Start of Data section

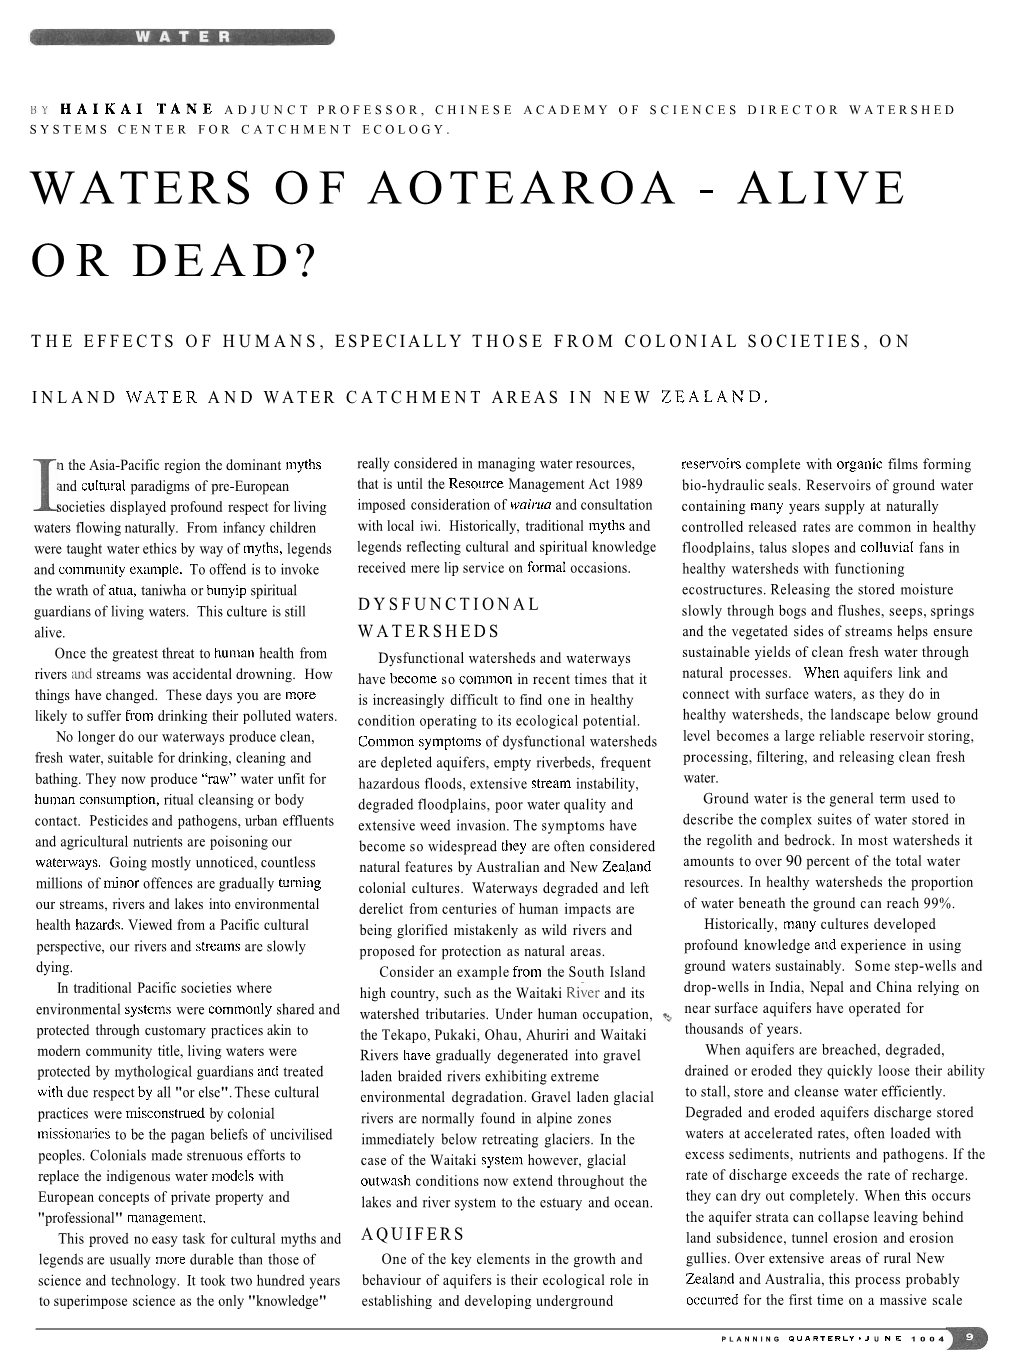 Waters of Aotearoa - Alive Or Dead?
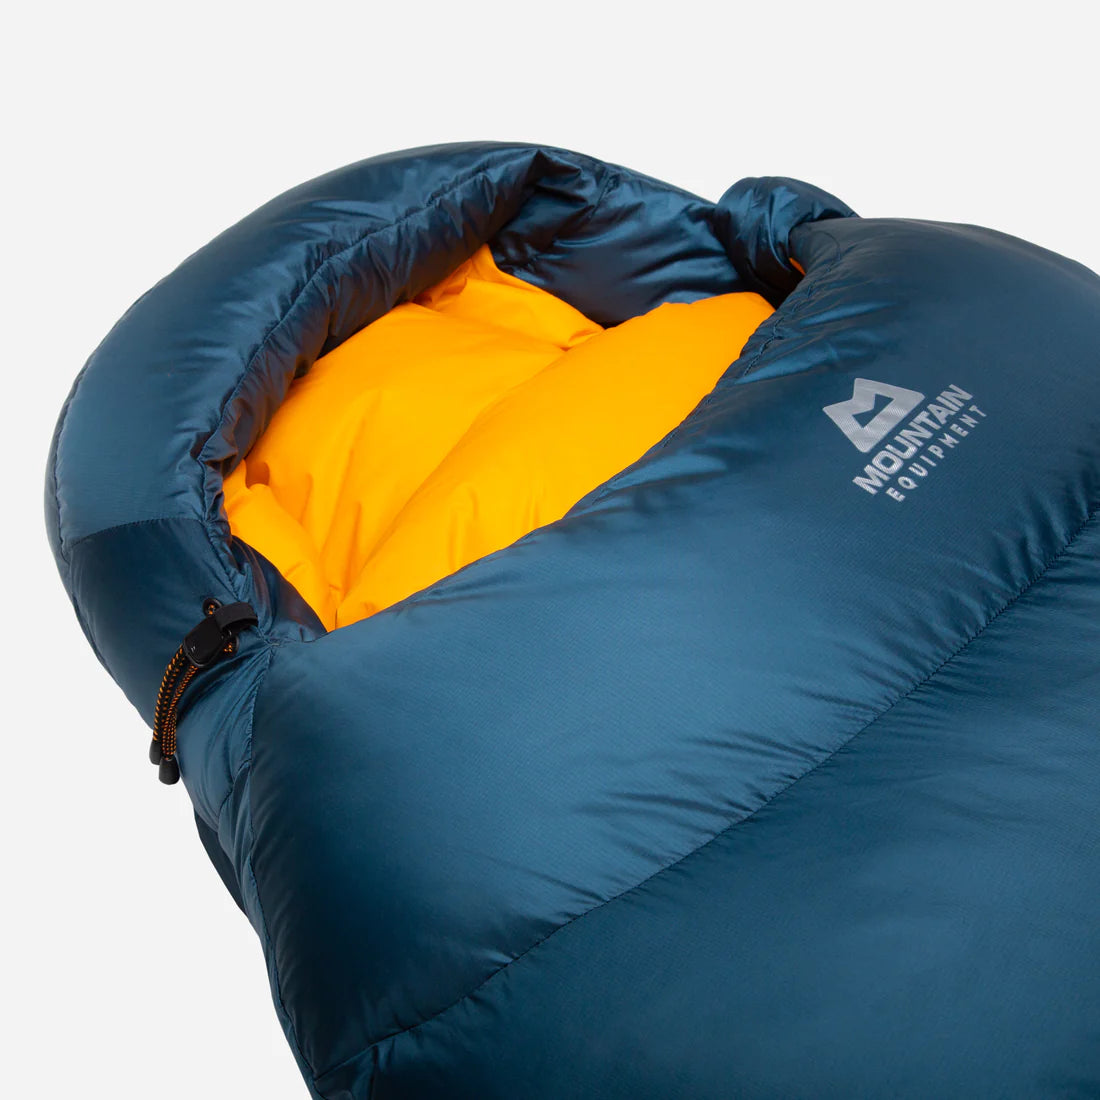 Mountain Equipment Helium 400 Down Sleeping Bag - Regular Length
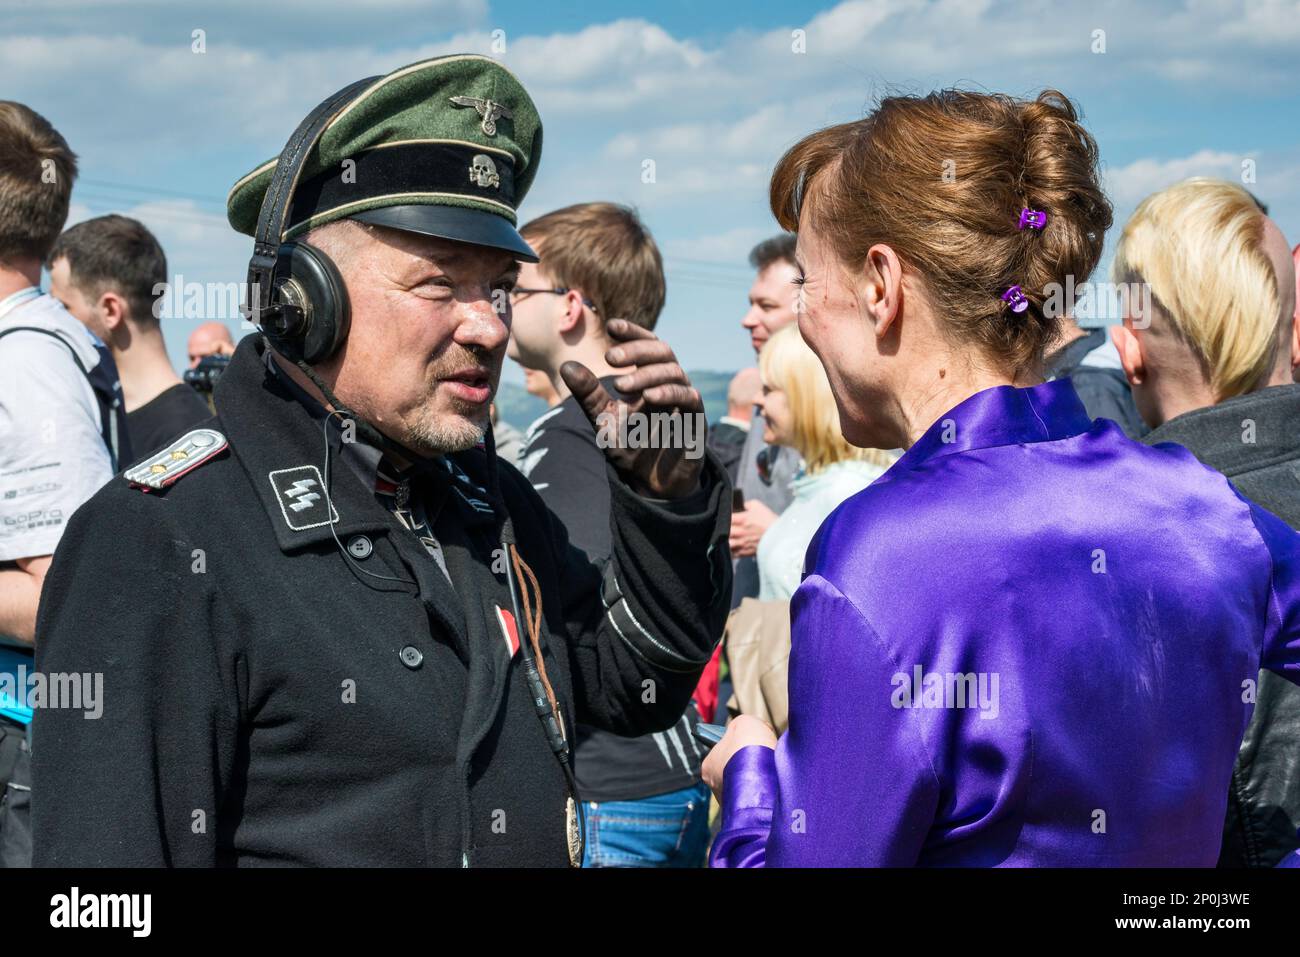 Reenactor in Waffen-SS German uniform, tank driver, woman spectator, talking after reenactment of WW2 battle, Jelenia Gora, Lower Silesia, Poland Stock Photo

End of Data section

▶ **Work instruction**
Repeat the data word for word; drop the pictures.

▶ **Solved exercise**
 Waters of Aotearoa - Alive Or Dead?
 Mountain Equipment Helium 400 Down Sleeping Bag - Regular Length
 Reenactor in Waffen-SS German uniform, tank driver, woman spectator, talking after reenactment of WW2 battle, Jelenia Gora, Lower Silesia, Poland Stock Photo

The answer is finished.